Конечно, нет! Эти слова совершенно подвластны ему. Почему же делать исключение для слова пальто, которое к тому же до того обрусело, что тоже обросло исконно русскими национальными формами: пальтишко, пальтецо и т. д.

Почему не склонять это слово, как склоняется, скажем, шило, коромысло, весло? Ведь оно принадлежит именно к этому ряду существительных среднего рода.

Пуристы же хотят, чтобы оно оставалось в ряду таких несклоняемых слов, как домино, депо, кино, трюмо, манто, метро, бюро и т. д. Между тем оно уже вырвалось из этого ряда, и нет никакого резона переносить его обратно в этот ряд.

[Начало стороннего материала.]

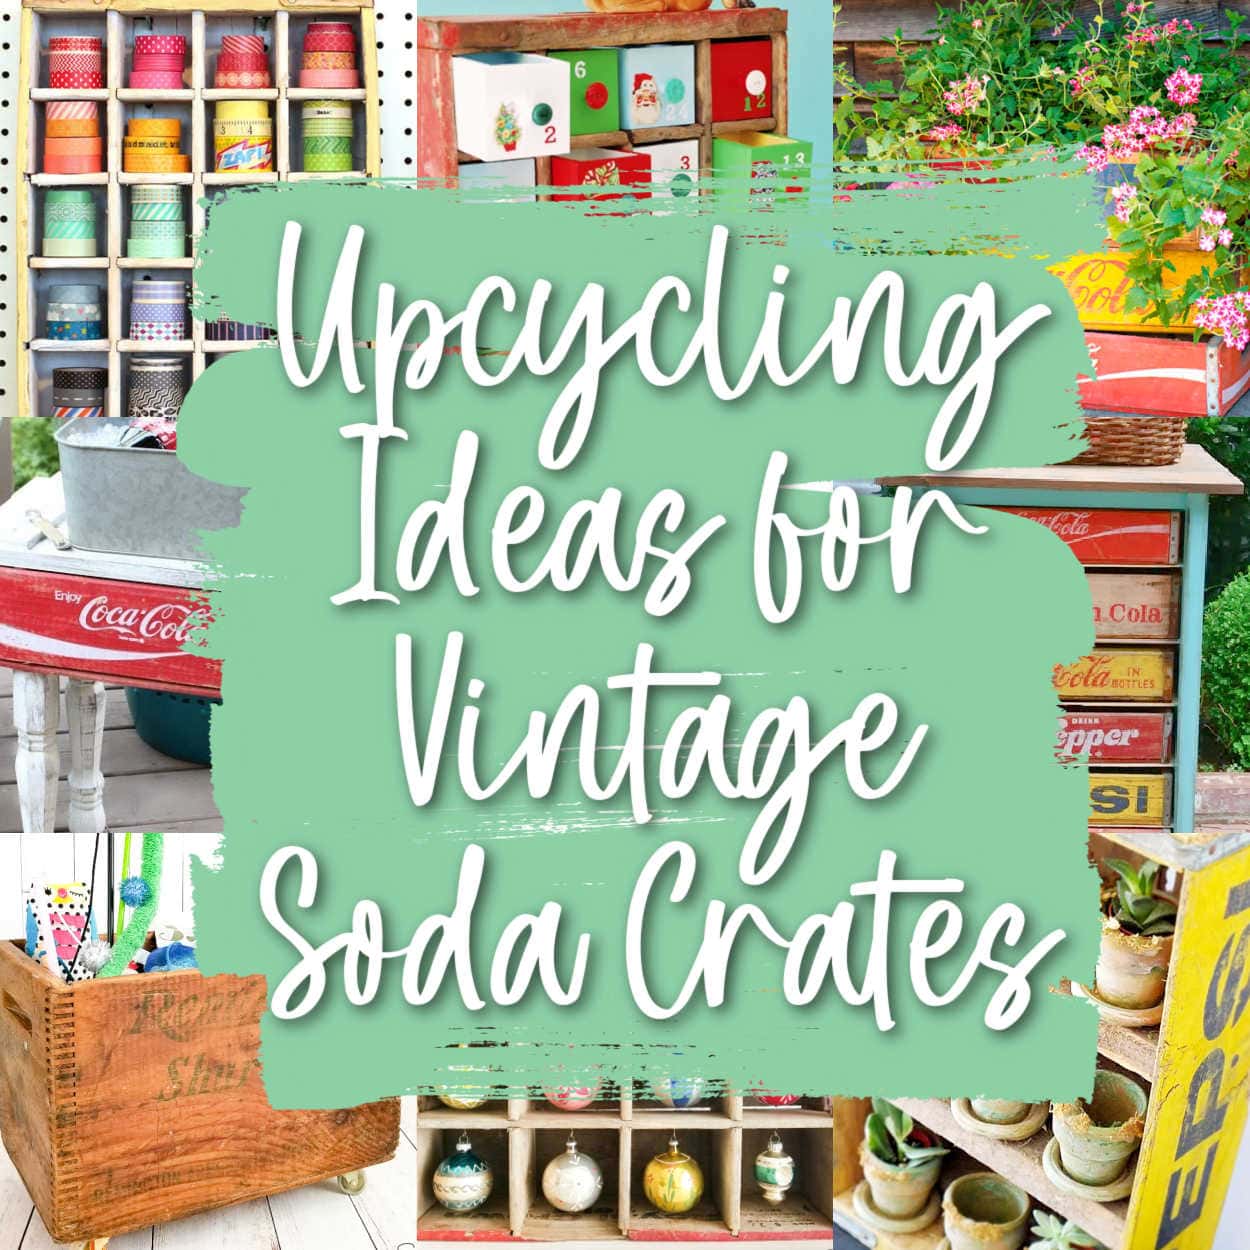 Upcycling and Repurposing Ideas for a Soda Crate
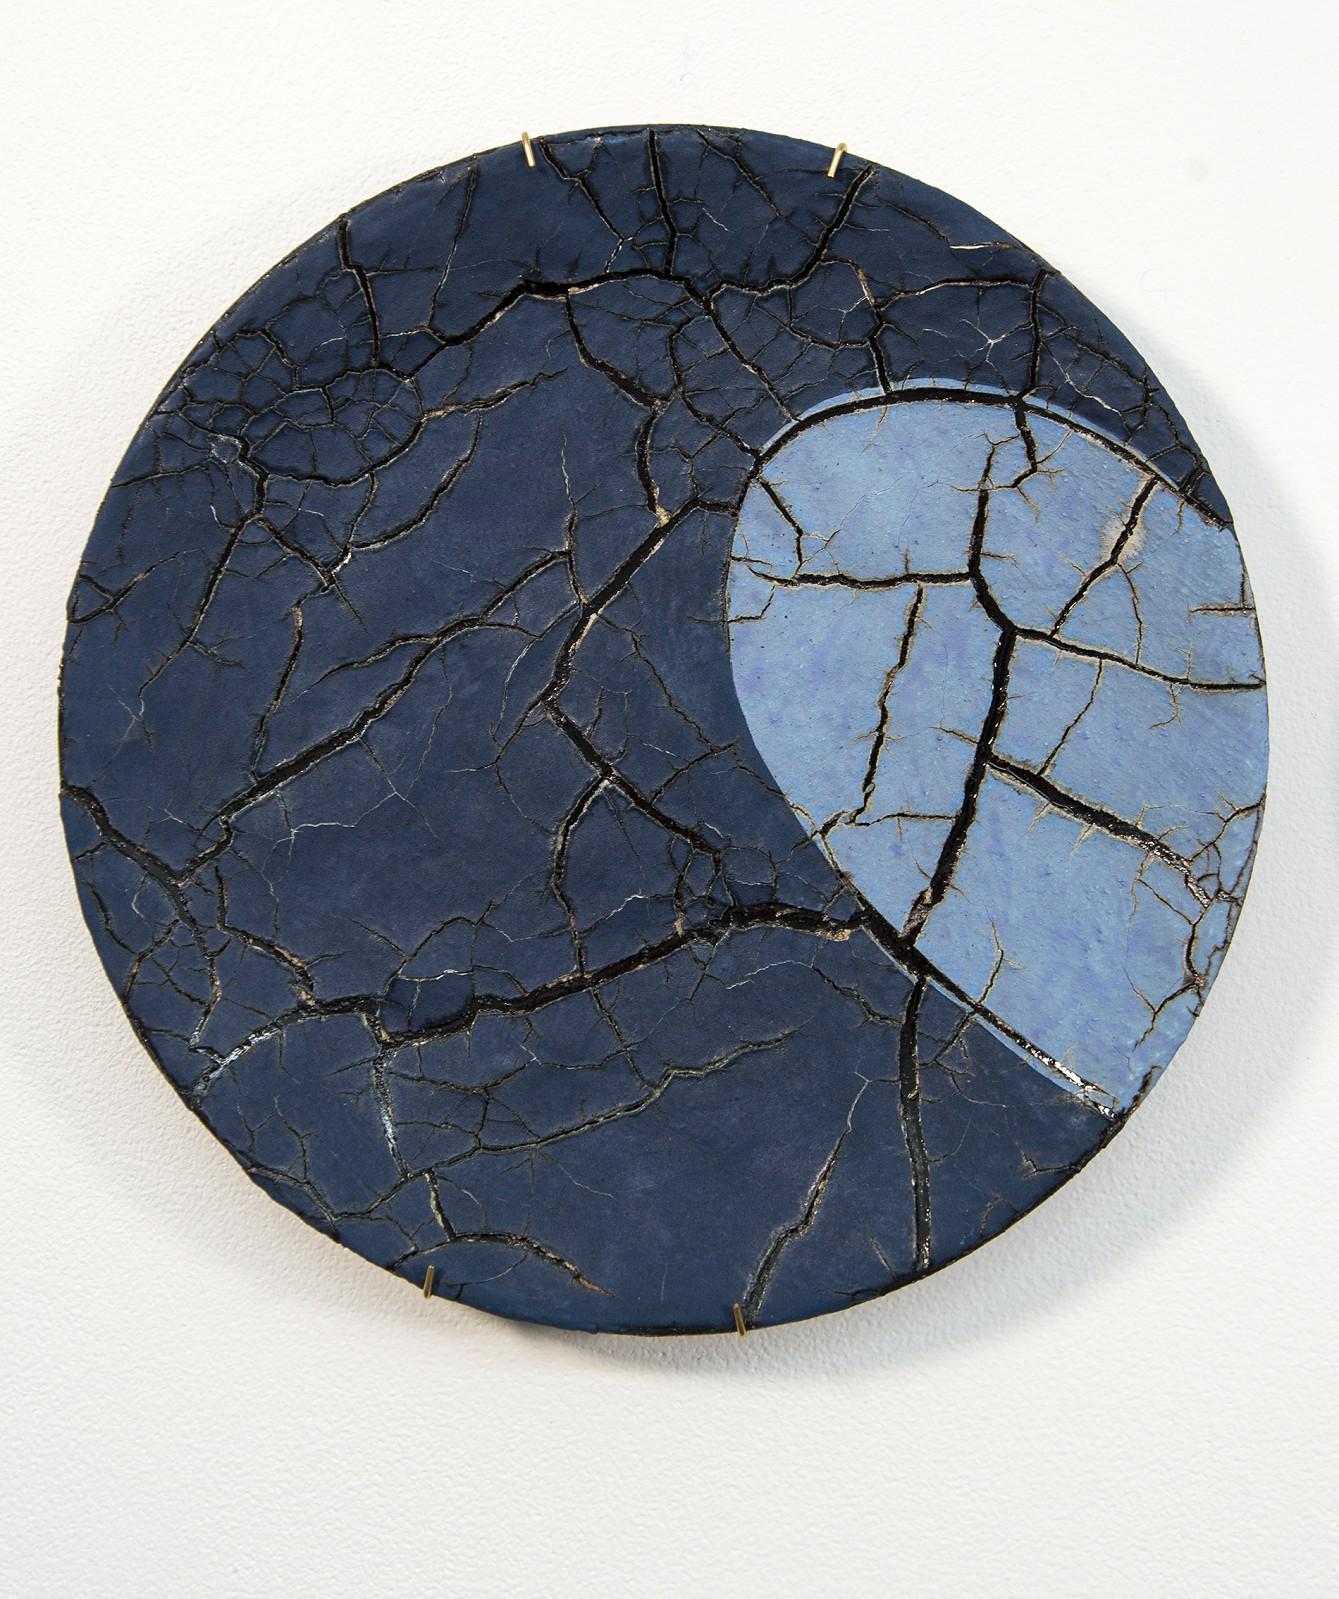 Canadian ceramicist Steven Heinemann has departed from his love of vessels to create two plates; each part of the whole. In colours ranging from sky blue to midnight blue, the plate’s pattern is reminiscent of a view of the world from above. The

Впрочем, и метро, и бюро, и депо, и кино тоже не слишком-то сохраняют свою неподвижность. Ведь просторечие склоняет их по всем падежам:

– В депе – танцы.

– Завтра на бюре рассмотрим!

– Я лучше метром поеду!

Сравни у Маяковского:

Я,

товарищи,

из военной бюры.

(«Xорошо!»)

И у Шолохова:

«– У нас тут не скучно: если кина нет, дед его заменит».

Возникли эти формы не со вчерашнего дня.

Еще в «Войне и мире» Льва Толстого:

«– Читали немножко, а теперь, – понизив голос, сказал Михаил Иванович, – у бюра, должно, завещанием занялись».

В драме «Поздняя любовь» А. Н. Островского:

«– Эка погодка! В легоньком пальте теперь… Ой-ой!»

У него же в комедии «Лес»: «пальты коротенькие носит».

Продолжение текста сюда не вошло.